Wednesday, April 20, 2011

I'm sorry for you

When managing impact one is often forced to deal with people who have been impacted. It is often worthwhile to re-frame the impact in terms of possible intent. Since, in most cases, it is difficult to determine true intent one can re-frame the impact to the extent that the interested parties are receptive. Try telling yourself that you really love everyone so much that you couldn’t have meant harm; so isn’t it really their fault that they chose to be insulted? Try saying that to yourself a few times real slow; it grows on you…doesn’t it?

How far can you take re-framing impact? You can re-frame impact to the extent that the interested parties are receptive. I'll use a hopefully illustrative hypothetical example.

One day Don super glues a bunch of $20 bills to a sidewalk. After the glue sets up he yells: “FREE MONEY LOOK it’s FREE MONEY”. When enough people crowd around trying to prize lose some free twenties Don runs to the top of a nearby building and drops a grand piano on them.

The first thing Don can do is re-frame the insult. He can call dropping the piano out of a 12th-story window something like “Piano Relocation”. The victims were accidentally hurt by PR. This sounds better than “They had a piano dropped on them from a 12th-story window”. This is a good-reframing as it almost sounds like a natural event, and does not imply any perpetrator. This insult re-framing will not work. Sometimes the insult is just so obvious or public that it impossible to gather up all the threads, put them in a jelly jar, and call it a modern tapestry. Re-framing the insult is always worthwhile, but it cannot be relied upon as a sole curative.

Don could also say: “Darn that pesky gravity!”

Don needs to re-frame the impact. The first step should include some accusation. “Why were you standing there?” This suggests that the people under the piano did something wrong.

Some of you are thinking that any conscious survivors would respond with: “We were prying lose twenty dollar bills; you yelled ‘FREE MONEY’ so we came over to get them.” This might appear to be damning evidence, but if the effected individuals are willing to debate the issue things can be made much less clear.

“You were trying to TAKE my money” Don can respond “I said this is ‘NOT free money, it is marking the impact point for a Piano Relocation’.”

Here Don blends moral accusations and lies to create a powerful new type of reality. The victims are actually thieves; don’t they deserve some divine retribution? They ignored warnings; should they also be liable for damage the piano suffered?

Personally I think lying ups the ante too far, but I don’t drop pianos on people. The liar risks getting caught in a lie. The exposure caused by being caught in a lie can translate to re-evaluations of other statements. You don’t want people to re-evaluate your re-framing while picturing you as a source of perjurously incorrect information. Life itself can be much easier if other people just don’t think too much about anything you do or say.

Of course the piano situation is so severe that the threat of dialog itself breaking down is highly likely. I would hope that it would be much more likely for someone to reply with a “Dude, you just dropped a piano on these people so just shut up”. Just like with re-framing the insult, the effectiveness of re-framing the impact is dependent on the severity of the situation. Piano-dropping is quite severe.

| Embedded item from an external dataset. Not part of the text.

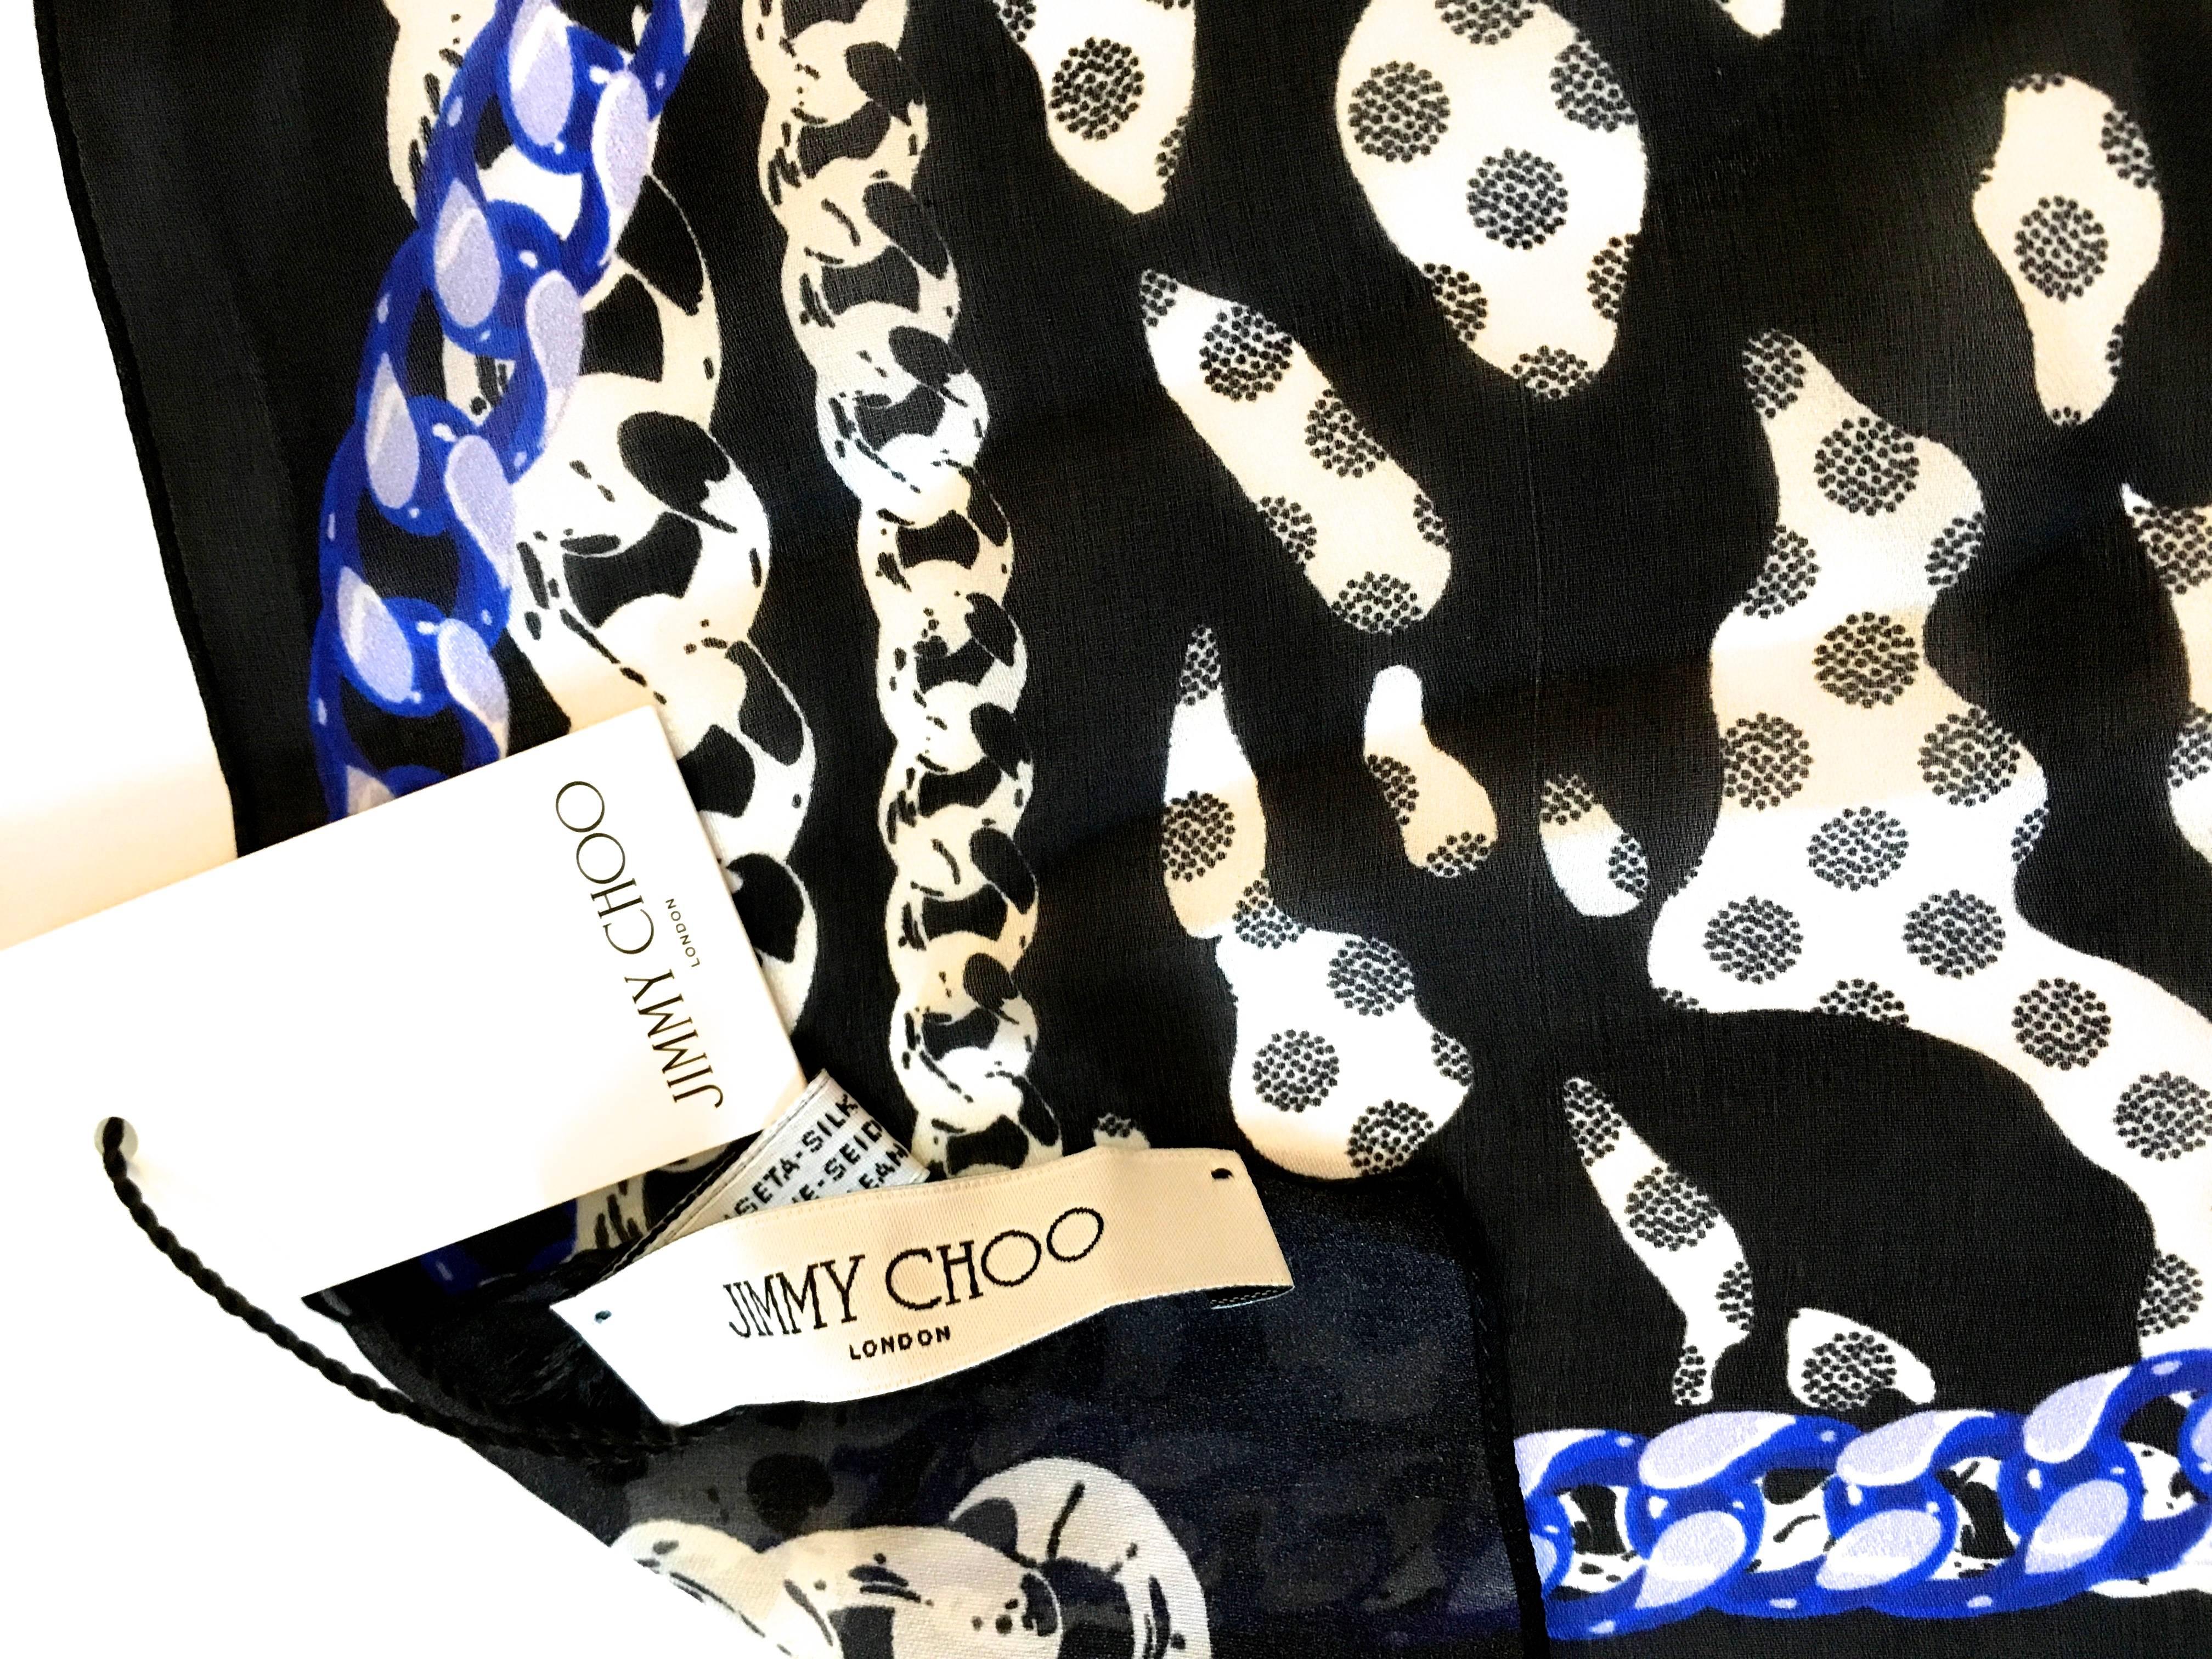 Presented here is an absolutely fabulous Jimmy Choo shawl with the tags on it. It is signed 'Jimmy Choo' on the bottom right. The shawl has a black background with a center free form design of white with various black non-representational images

Luckily most insults are more insulting than life-threatening. In less severe situations one can pepper a response with ready re-framing phrases. One of my favorite is:

I’m sorry you feel that way

This statement is caring, and empathetic, diabetically sweet, and bears no relationship to almost any situation it is used in. You have feelings. I can see that you are a feeling human being. You are human. I am so sorry for you. Since this implies infallibility on the part of the apologizer it is sometimes called a ‘Papal apology’.

This marvelous statement can be made more effective still by removing the potentially humanizing reference to feelings. Feelings can be called miscommunication or misunderstandings. This makes it a clearer statement about your failure.

“I’m sorry that you misunderstood me”

The statement can be made even better by removing you from it altogether. Perhaps you could actually be “some people” or “people like you”. Personally I think the replacement of ‘you’ is a great opportunity to insert some choice adjectives, but be careful as extreme adjective misuse can quickly turn your audience unreceptive.

“I’m sorry that some ignorant troglodyte has misunderstood me”

Further refinements of impact re-framing statements can be used to craft apologies much more insulting than most typically-encountered primary insults.